Developmental Interpretability:
- What can we learn about what happens during training? How and why do models and their circuits form the way they do?
Scaling & Generalizing Interpretability:
- How do findings and techniques from prior work on small models hold up at the frontier? What breaks and what scales? (e.g. Lieberum et al)
- How do multimodal models represent, and combine information from different modalities? What problems can this introduce?
- What can we learn by interpreting alternative architectures like diffusion models, state space models, or graph neural networks?
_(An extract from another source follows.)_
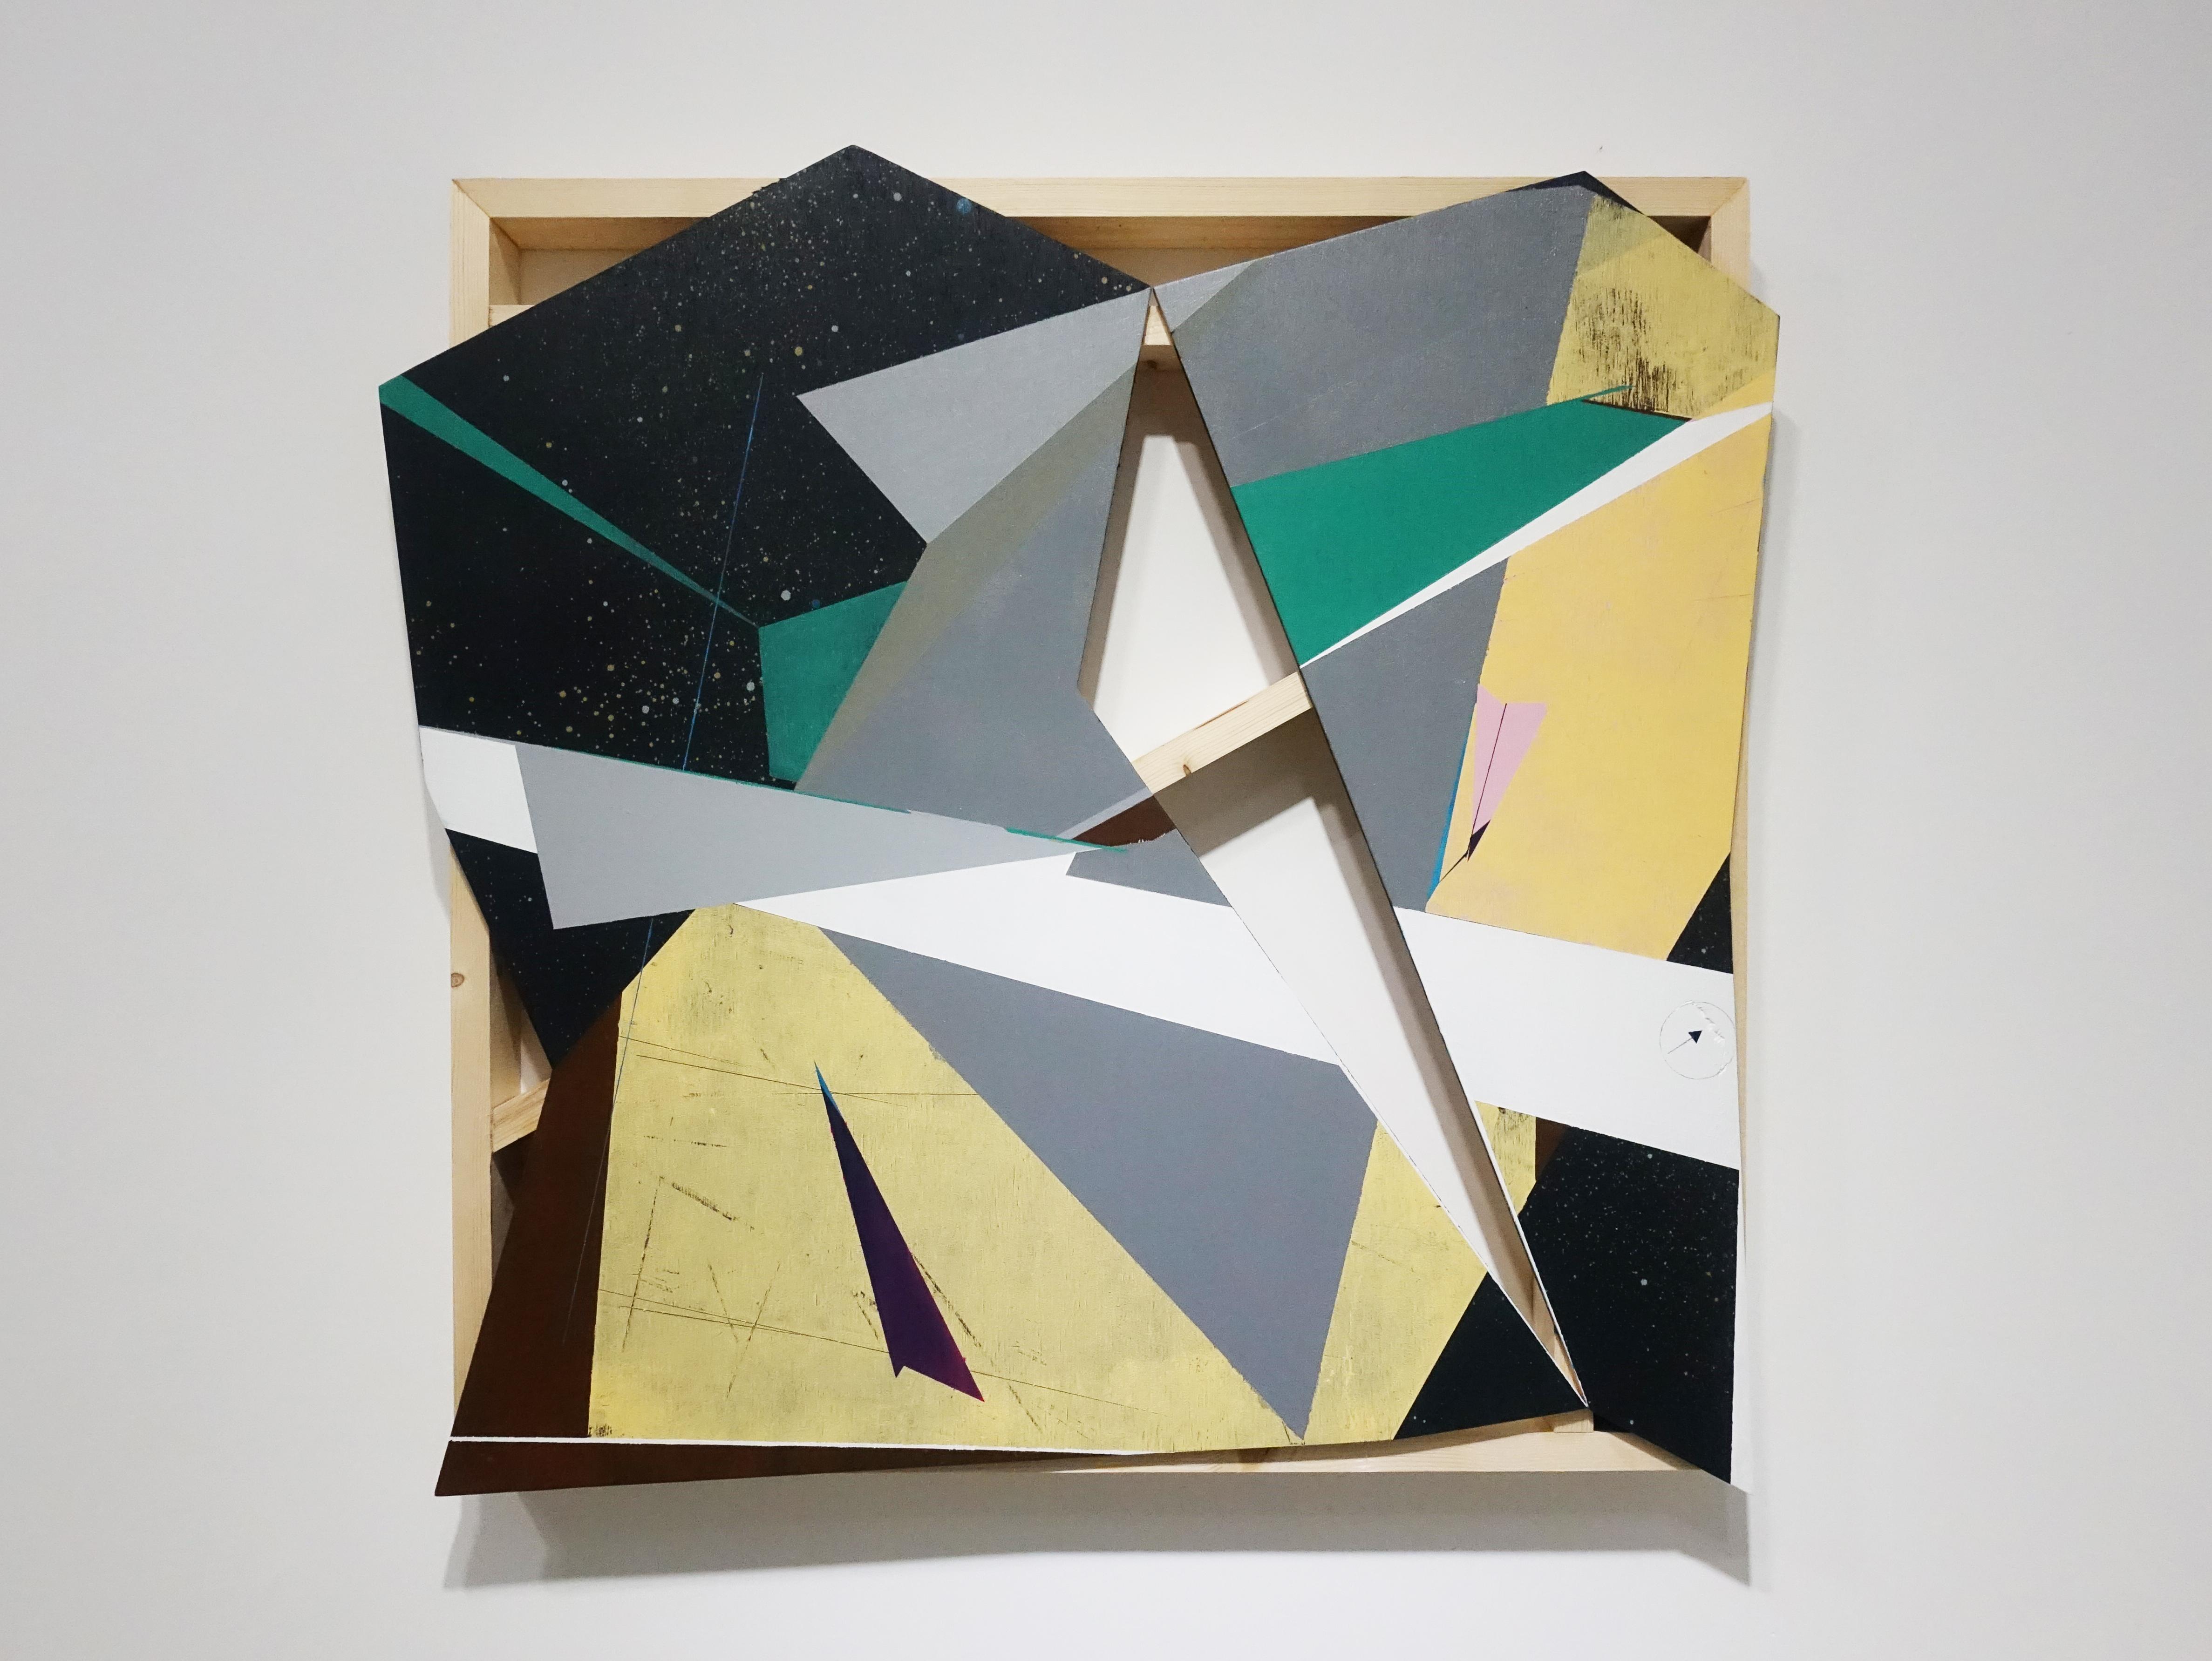 張獻文,《層敘・砌4》,60x60x5 cm,木板、丙烯酸顏料、炭精筆、鉛筆,2019。

Conceptual & Foundational Work:
- Our field is built on concepts like “features”, “circuits” and “linear representations” that remain poorly defined. We welcome position papers that bring conceptual clarity and rigor to these foundational questions.
Automating Interpretability:
- How much of the interpretability research process can be automated using LLMs? How does automated analysis compare to human performance? This includes both automating specific steps like interpreting maximum activating dataset examples, and building an agent to perform some of the research work autonomously
Basic science:
- There are many fundamental mysteries of model internals, and we welcome work that can shed any light on them: Are activations sparse linear combinations of features? Are features universal? Are circuits and features even the right way to think about models?
Rigorous Case Studies:
- We welcome rigorous, “biology-inspired” analyses of specific model components or phenomena. Strong works here will combine deep qualitative case studies with quantitative sanity checks and falsifiable hypotheses.
Along with any other works that further the mission of understanding models via their internals!